Validated Product - NetIQ Security Manager 5.5

PRODUCT DESCRIPTION

The NetIQ Security Manager is an application that can act as an intrusion detection system for intrusion detection systems as well as for operating systems, firewalls, and antivirus applications. The TOE provides the ability to collect, standardize, and archive collected data from disparate IT systems. The TOE also provides the capability to review the collected data, and generate forensic analysis and trend analysis reports. All communications between the TOE distributed components are encrypted.

SECURITY EVALUATION SUMMARY

The evaluation was carried out in accordance with the Common Criteria Evaluation and Validation Scheme (CCEVS) process and scheme. The criteria against which the NetIQ Security Manager TOE was judged are described in the Common Criteria for Information Technology Security Evaluation, Version 2.3. The evaluation methodology used by the evaluation team to conduct the evaluation is the Common Methodology for Information Technology Security Evaluation, Version 1.0. SAIC determined that the evaluation assurance level (EAL) for the product is the EAL 2 family of assurance requirements.
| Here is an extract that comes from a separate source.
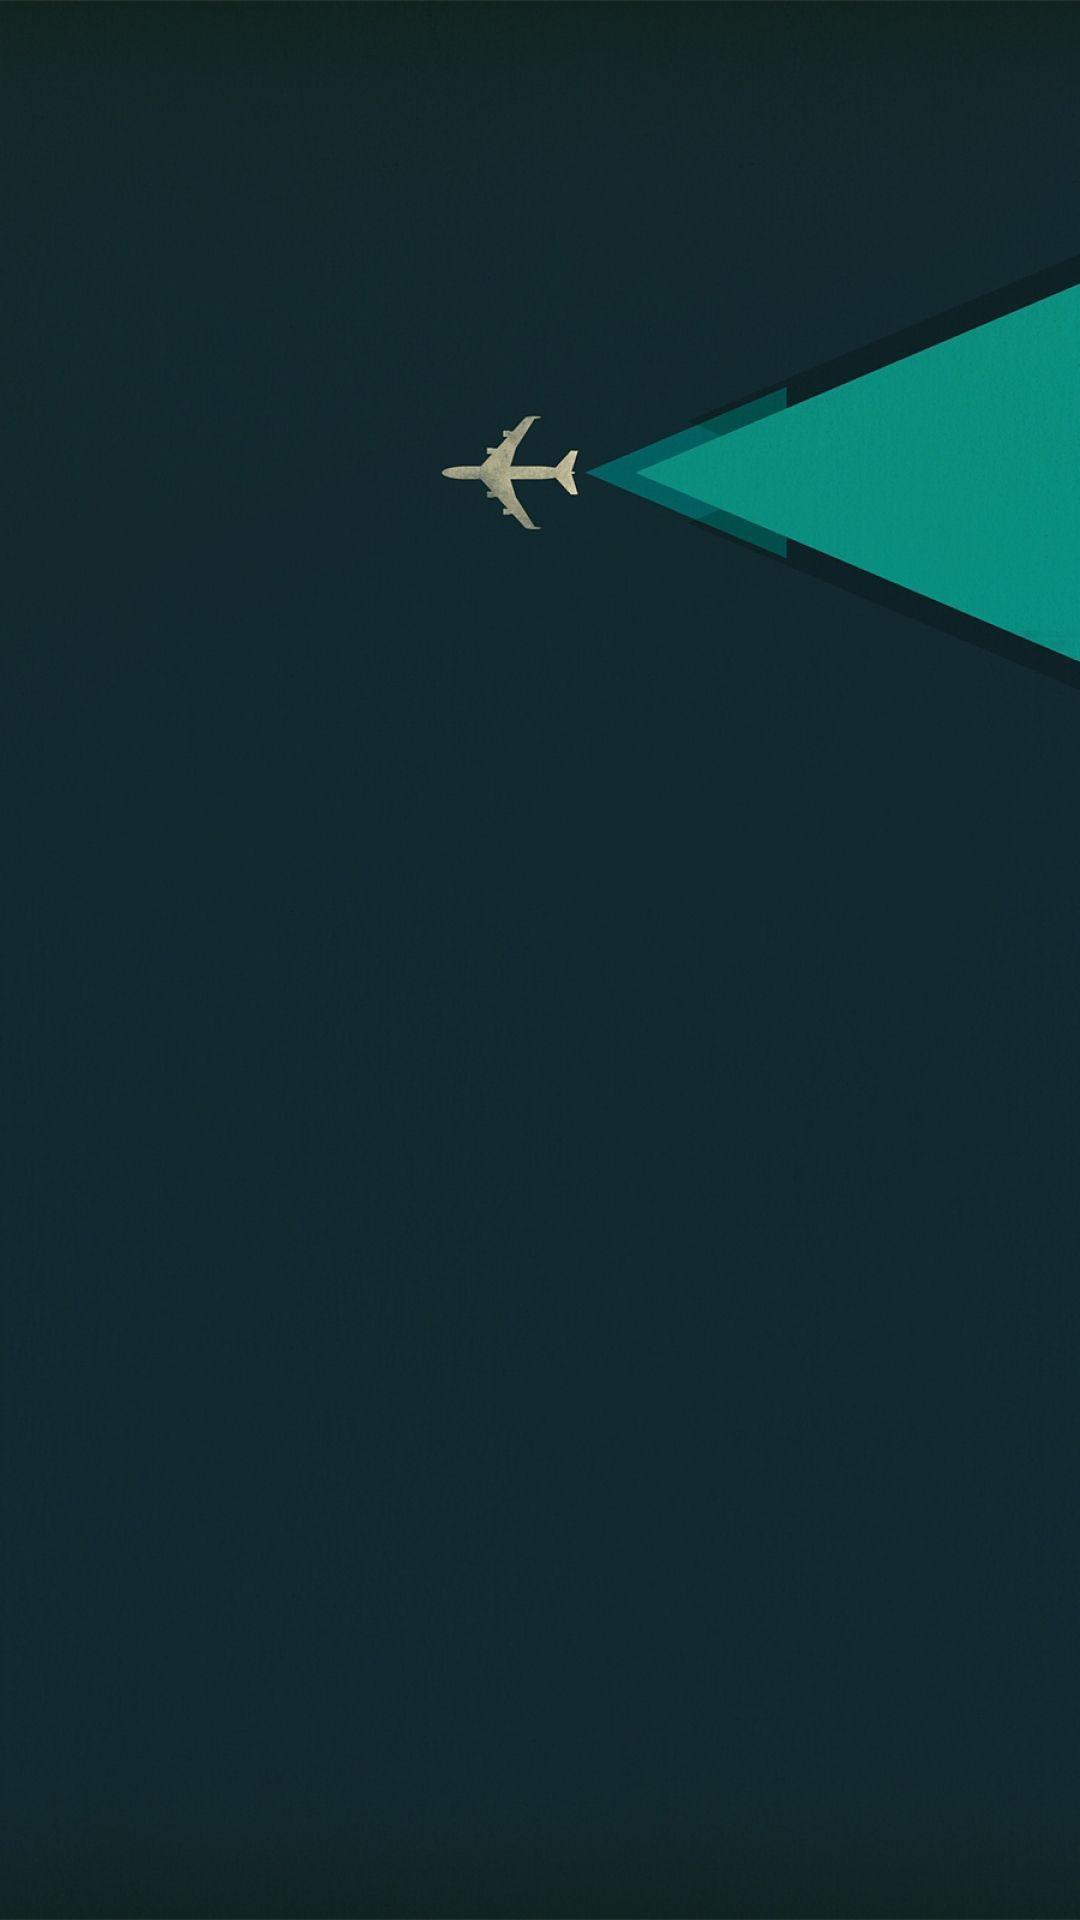 iPhone 11 Minimalist Wallpapers ...
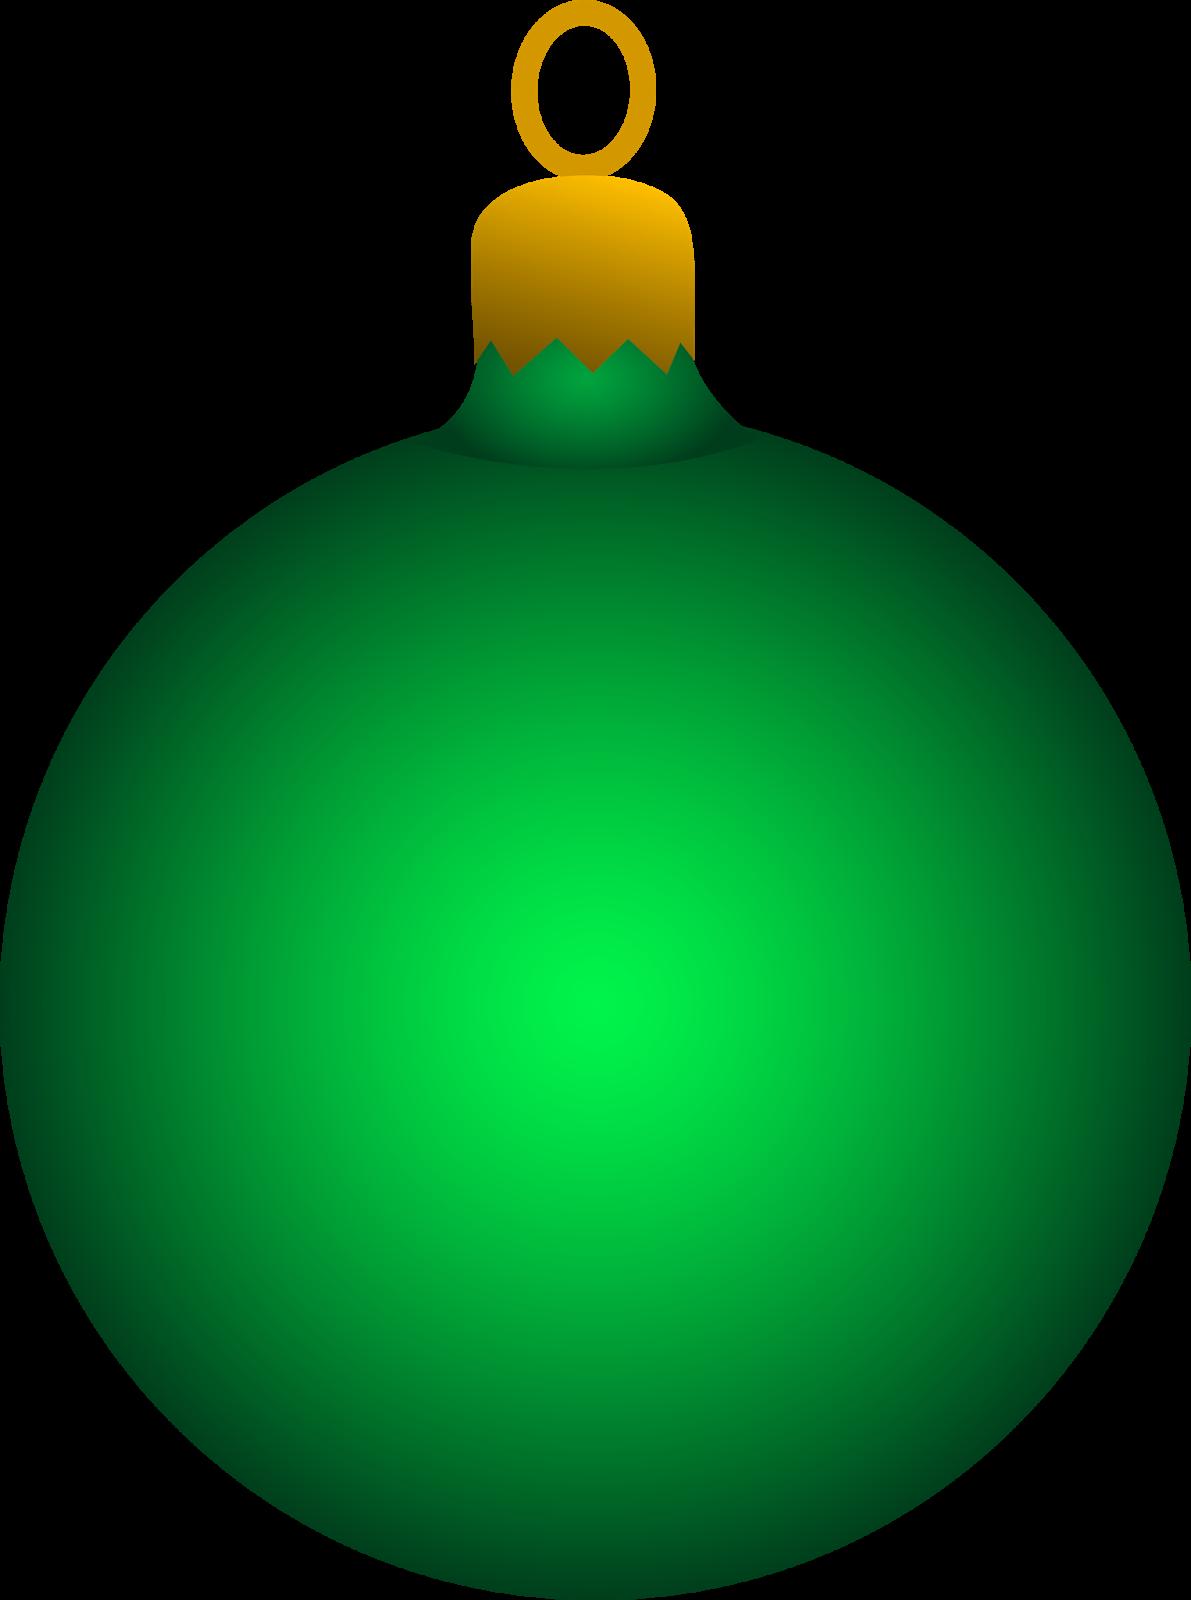 Christmas Ornaments Clipart .

The product, when configured as specified in the installation guides and user guides, satisfies all of the security functional requirements stated in the NetIQ Security Manager 5.5 Security Target. A validator on behalf of the CCEVS Validation Body monitored the evaluation carried out by SAIC. The evaluation was completed in August 2007. Results of the evaluation can be found in the Common Criteria Evaluation and Validation Scheme Validation Report for NetIQ Security Manager 5.5 prepared by CCEVS.

ENVIRONMENTAL STRENGTHS

The NetIQ Security Manager is a commercial IDS application that provides identification and authentication, security management, intrusion detection and event correlation, and protection of the TOE security functions.